I'd consider that aspect to it first. Are there issues or resentment towards them?

If you remove that element and just look at it as a monetary value e.g. She is paying for two people and you are paying for two people then your argument is over what you think is fair for one adult in a couple. (The children are an inevitable financial responsibility and you can't plan a holiday excluding them)

OuiOuiMadame Mon 12-Jan-15 18:33:01

Message withdrawn at poster's request.

FlowerFairy2014 Mon 12-Jan-15 18:53:00

Women who live off male earnings are not the ones to settle down with. It never is going to work. Get her back out to full time work and try to encourage her to forge a high paid career. Do not pay for her chidlren nor her. She has arms and legs. She can earn her own keep like the rest of us. You do these women no favours by keeping them financially. in fact you set back women's rights by doing so.

BreakingDad77 Thu 15-Jan-15 15:07:51

I would have thought she should be paying at least half of her kids with the child benefit she gets from their father? As others have mentioned songers will just lead to more friction.

YonicScrewdriver Wed 21-Jan-15 07:35:25

Between you, you can either afford this holiday for two adults and two children, or you can't.

If it's not affordable, then you won't be going and you have to go somewhere that is affordable.

Flower, OP doesn't say if she works or not.

TallulahTwinkletoes Mon 02-Feb-15 21:27:04

That's a little harsh flower. I agree with the sentiment so possibly it's just your wording.

It's a big deal that you are keeping her kids so separately. You refusing to pay is wrong. Her expecting you to pay is wrong.

There's no golden answer here. My response would be to treat them how you wish your children would be treated by a new partner.

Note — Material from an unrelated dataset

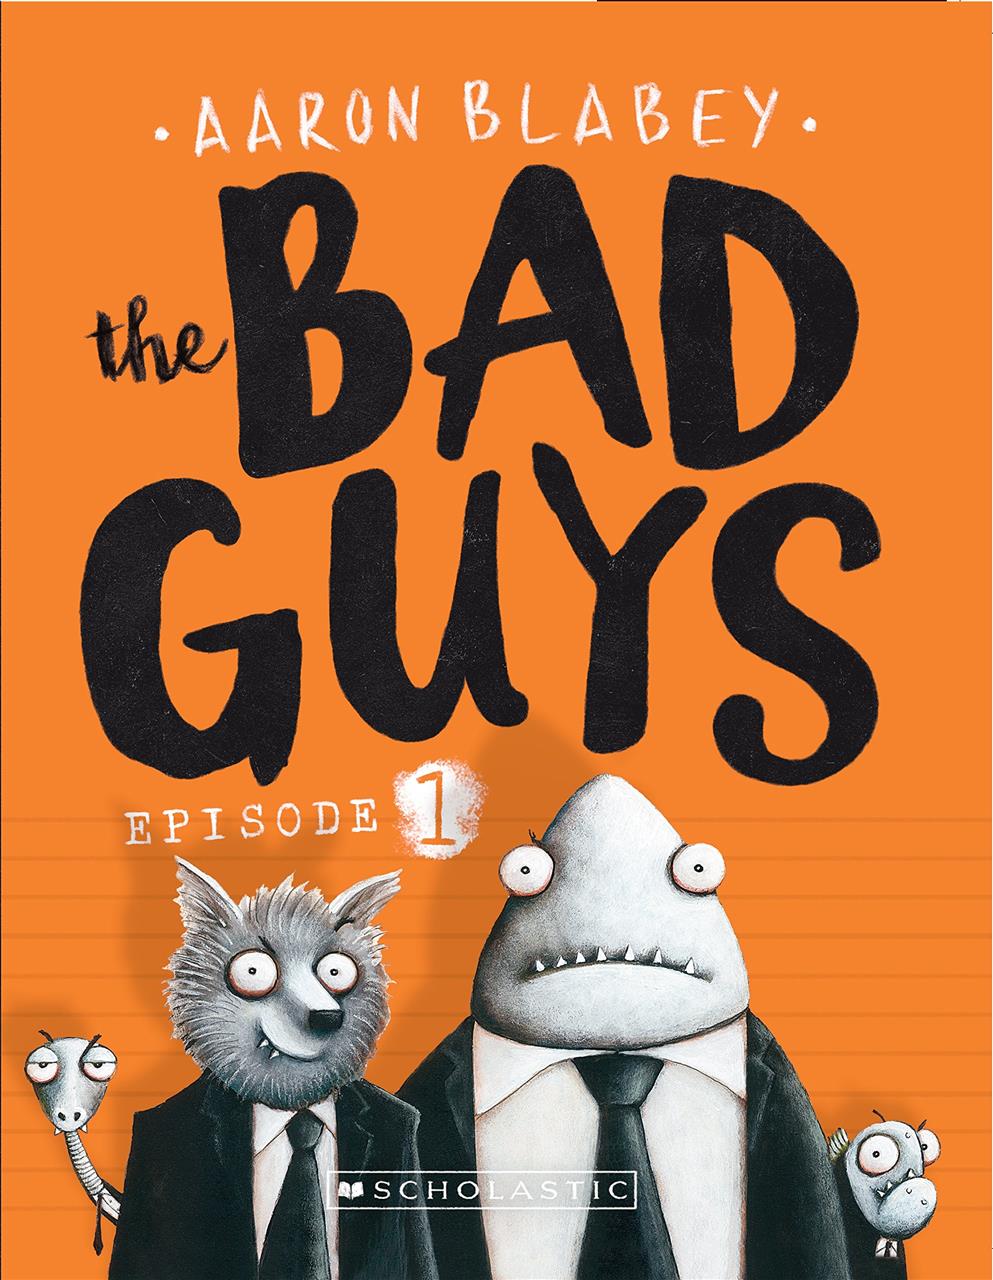 The Bad Guys Episode 1
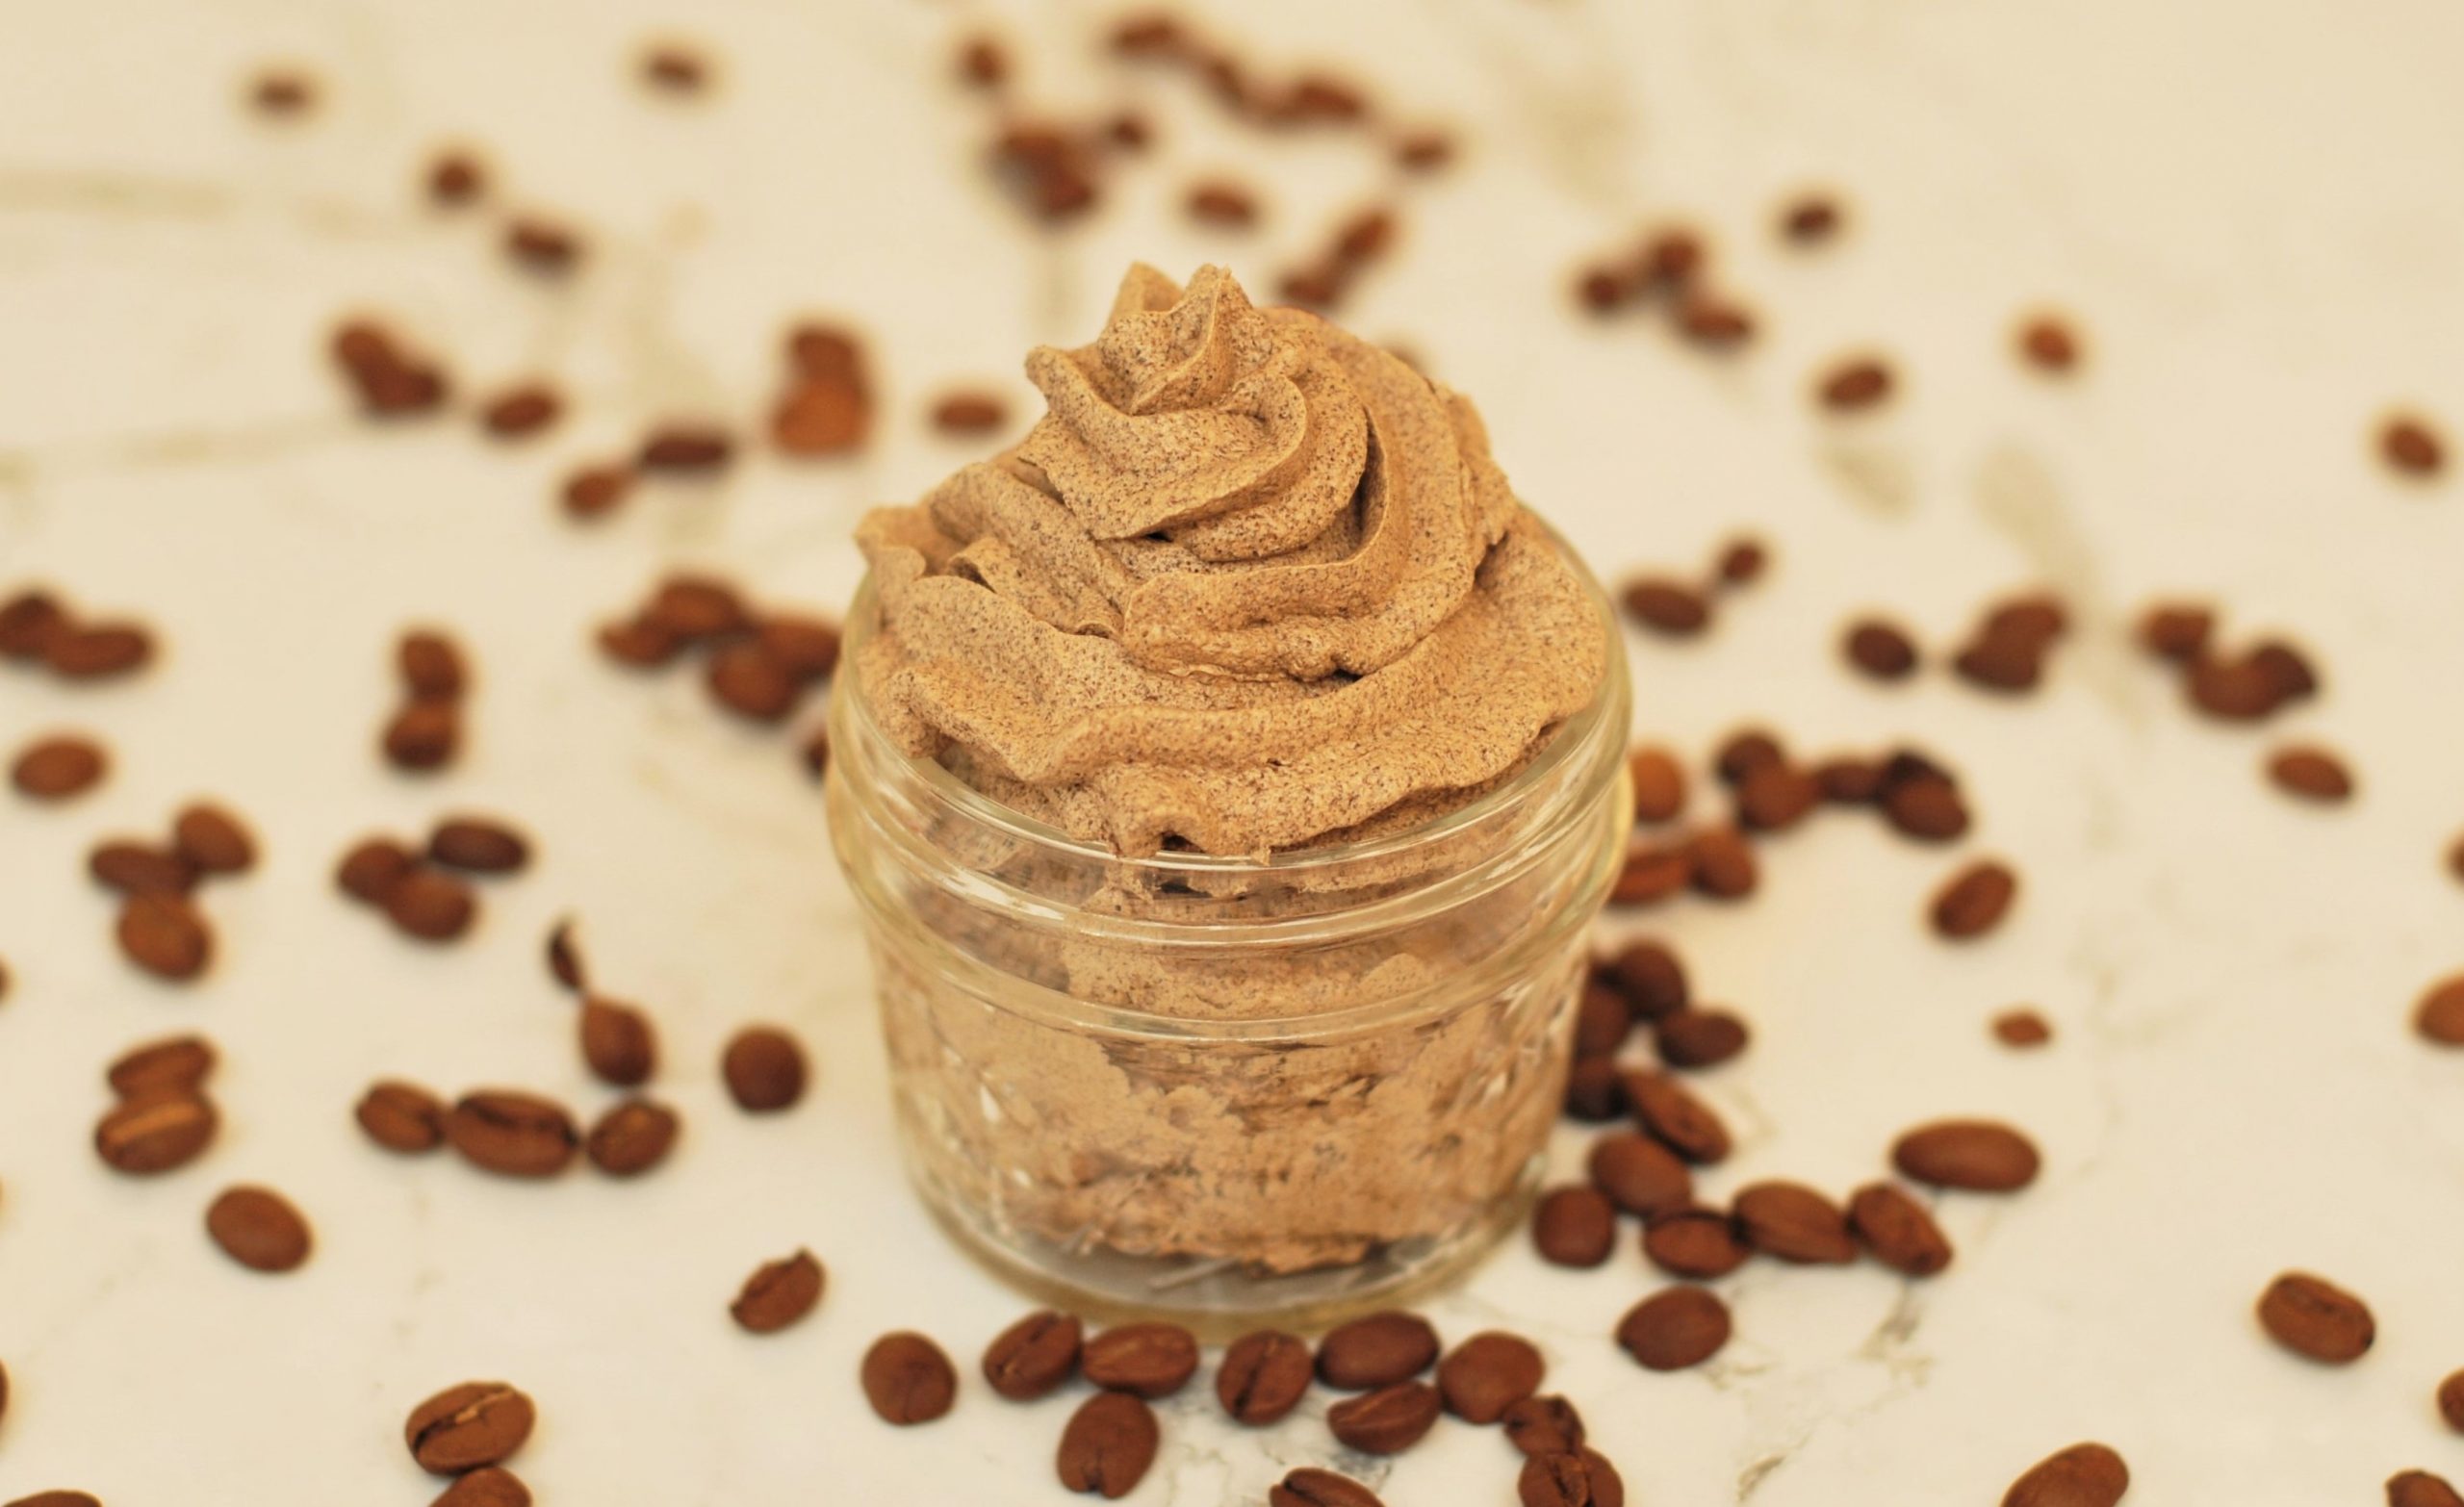 Whipped Coffee Scrub Recipe For Gentle Exfoliation

You don't sound overly attached to any of them in your op hmm

Northernparent68 Sun 15-Feb-15 08:25:00

I would nt fall into the trap of supporting her children to the detriment of your son.

Wackadoodle Tue 17-Feb-15 00:38:09

I don't have any such experience, but I don't think you're being unreasonable.

Toadinthehole Sat 21-Feb-15 18:58:34

My view is that your partner should make a proportionate contribution from what her ex-H pays her, and from what she earns. If she's not working, why isn't she working? This is of course, unless you suggested and arranged the holiday and were implicitly making a gift of it. Of course, if the ex-H is being a bad boy about paying CS/maintenance, you should insist that something be done.

Sounds like your still in the early stages of the relationship. You ought to be a bit careful to make sure that you don't set yourself up as the sugardaddy.

rinabean Sat 21-Feb-15 19:02:05

You earn more you pay more. Why should she subsidise your lifestyle?

Toadinthehole Sun 22-Feb-15 02:11:39

.. but that's not the same as paying "all".

nornironrock Fri 15-May-15 10:35:58

It's difficult to know what to say here, as I have only been the child in this kind of situation. But, from my own experience of being a step-son, I would say (gently, and with respect) that you should not lose sight of the fact that you have moved in with three people. A package deal, so to speak.

But, again, with the money, I wouldn't know where to begin!!!

SoonToBeSix Fri 15-May-15 10:45:19

I find your attitude very upsetting op, you live as a family therefore all money should be shared. If you love your dp you should love the dc they come as a package. If your new dp is/ was entitled to tax credits they would have been cut on the assumption that you would provide for the children.

upduffedandworrying Thu 21-May-15 14:26:53

I think the amount you earn should be relative to what you spend, especially considering you live together.

And frankly if you're on a different page regarding finances then you should have discussed this before moving in together. Why do people not do this?!